Our literary giant in Seattle, Glenn Dreyfuss, is a big fan of legendary southern author Thomas Wolfe. In this case, Glenn brings Wolfe's classic, You Can't Go Home Again, into play, with a hockey tilt. Go, Glenn, go:

Despite what Wolfe wrote, if you're Shea Theodore and Keegan Kolesar, former Seattle Thunderbirds junior players, the novel is a bit more than a novelty.

Of the eight Canadian major junior teams based in the United States, only Seattle shares a metro area with an NHL franchise. Theodore, a defenseman, and Kolesar, a right winger, spent two seasons as teammates with the WHL T-Birds. Now reunited in Vegas, both scored in the 5-2 Golden Knights victory in Seattle on Oct. 15.

Kolesar's favorite part of his return came after the game.

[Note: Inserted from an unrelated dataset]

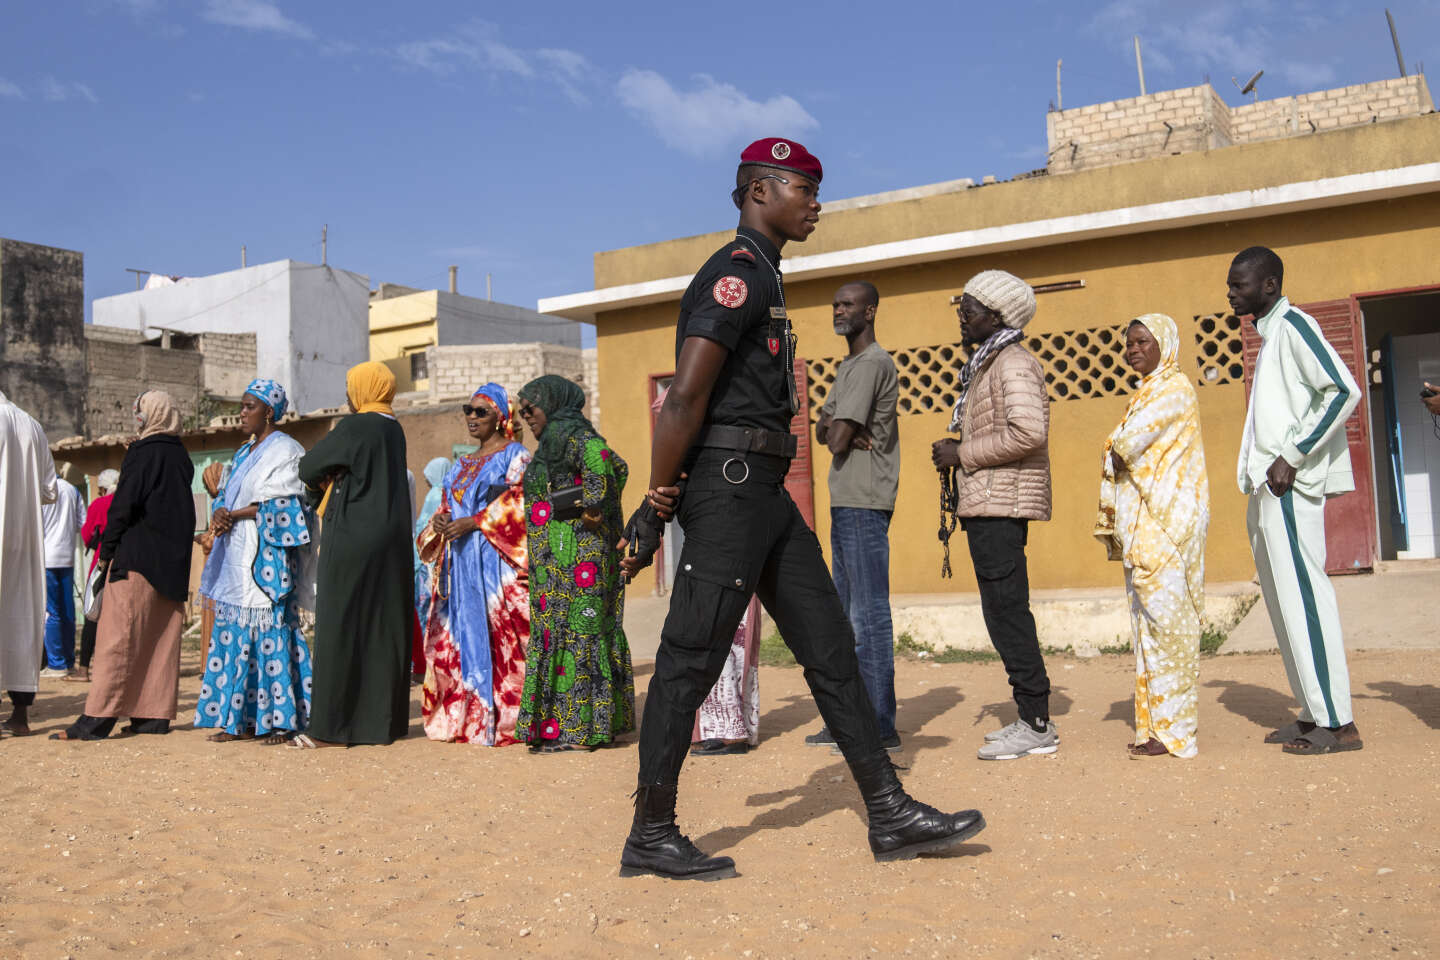 Senegalese stemming na weken van onzekerheid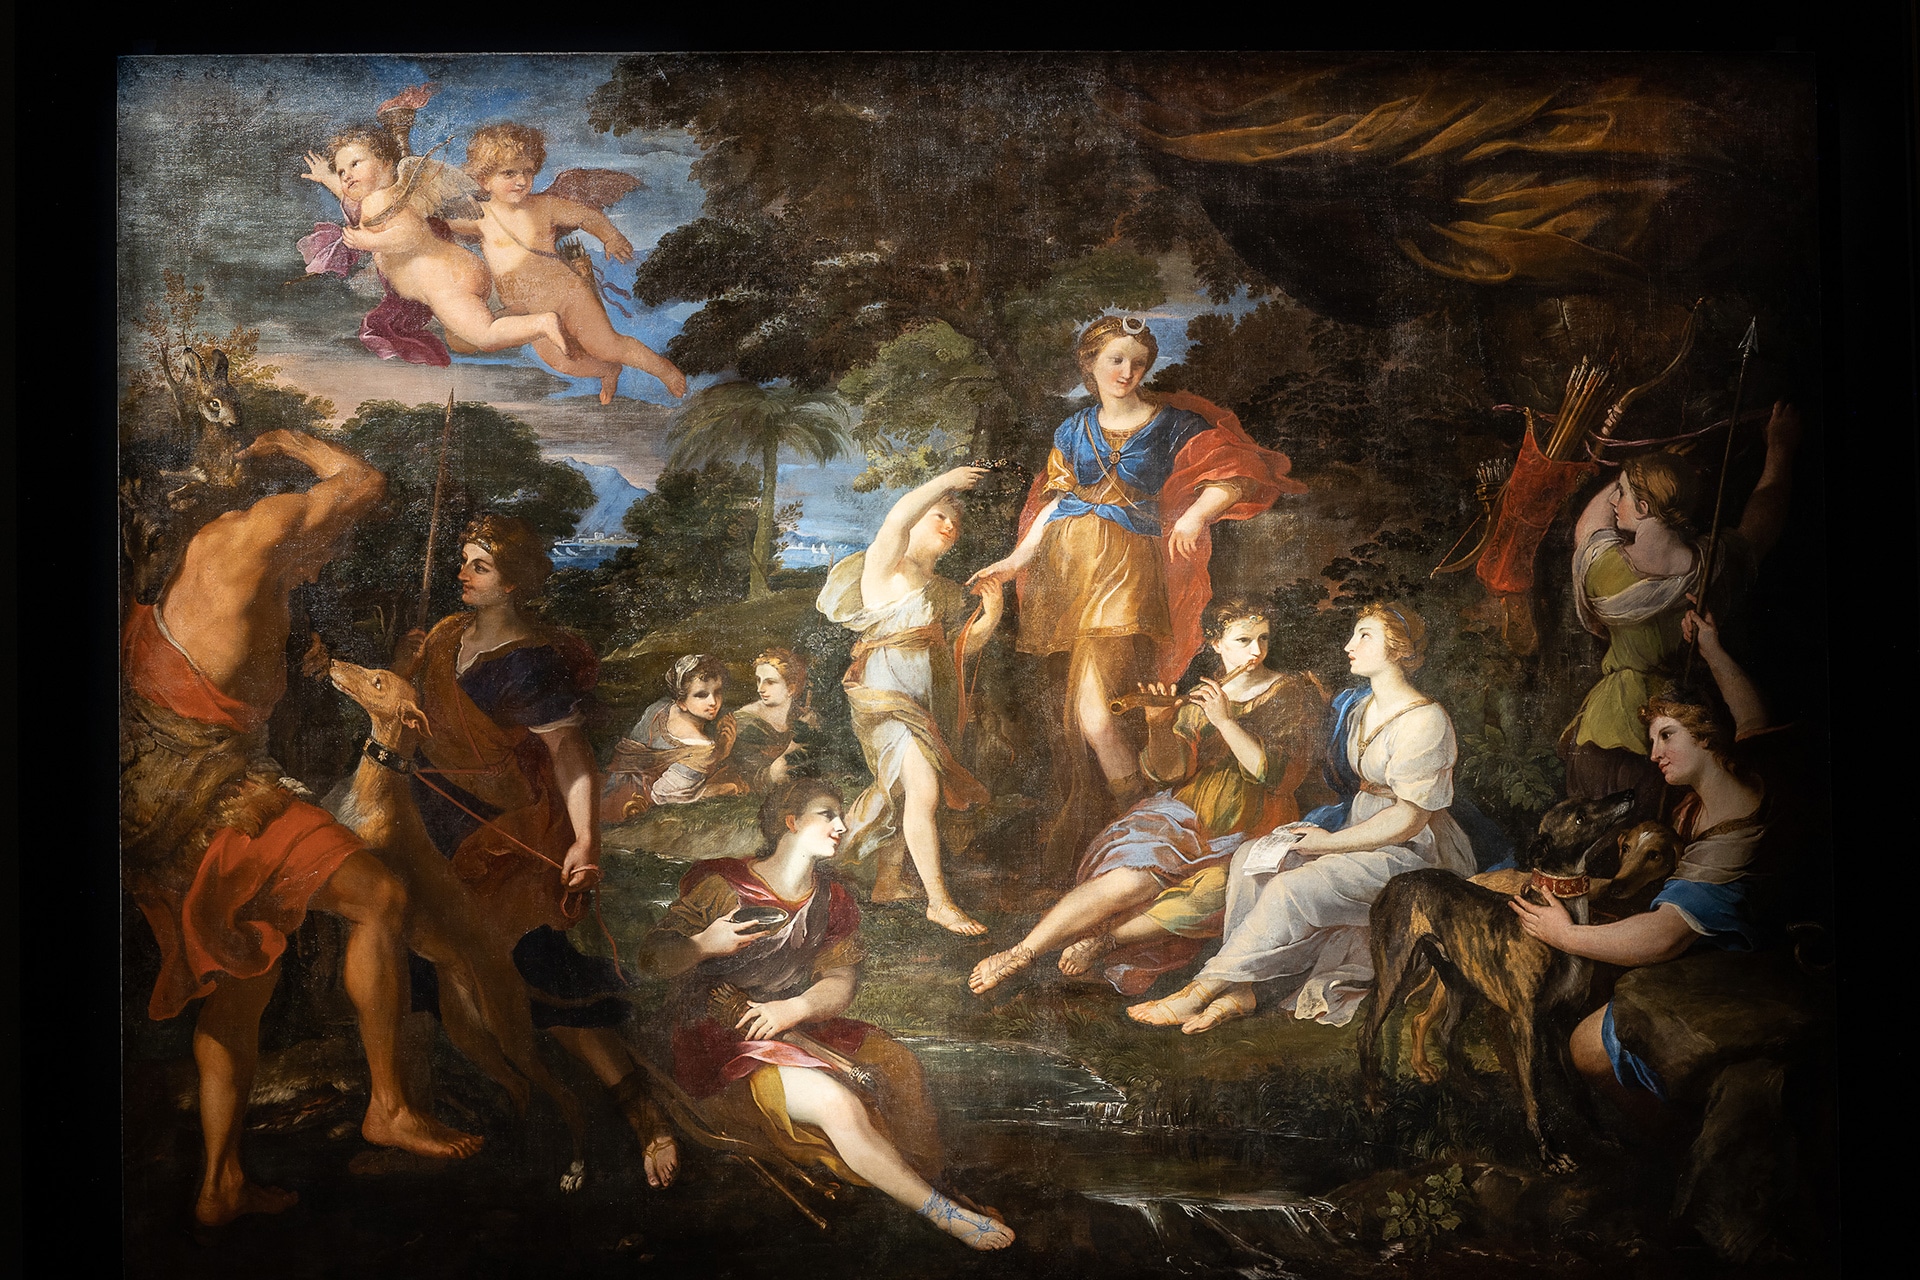 Andrea Camassei (Bevagna 1602 - Roma 1649), Il riposo di Diana, 1638. Olio su tela, 293 x 403 cm. Roma, Gallerie Nazionali di Arte Antica - Palazzo Barberini

"It's good to see my old billet family," he said. "I haven't seen them for six years. They're awesome. They took care of me for many years (2013 to 2017)."

Kolesar roomed as a T-Bird with Alex True, briefly a Kraken last season. Kolesar said his billet family is very important to him, and the feeling is obviously mutual.

"They named their foster child after us, Keegan Alexander," Kolesar said.

Were they rooting for Vegas or the Kraken?

"That's pretty obvious on that one, right?" Kolesar said, laughing.

Theodore, a T-Bird from 2010 to 2015, has goals in all three visits to Climate Pledge Arena, his home away from home.

"There's some buildings around the league that you know you come into and you feel more comfortable, " Theodore said. "And yeah, I guess I just felt good this morning and it kind of led into the game."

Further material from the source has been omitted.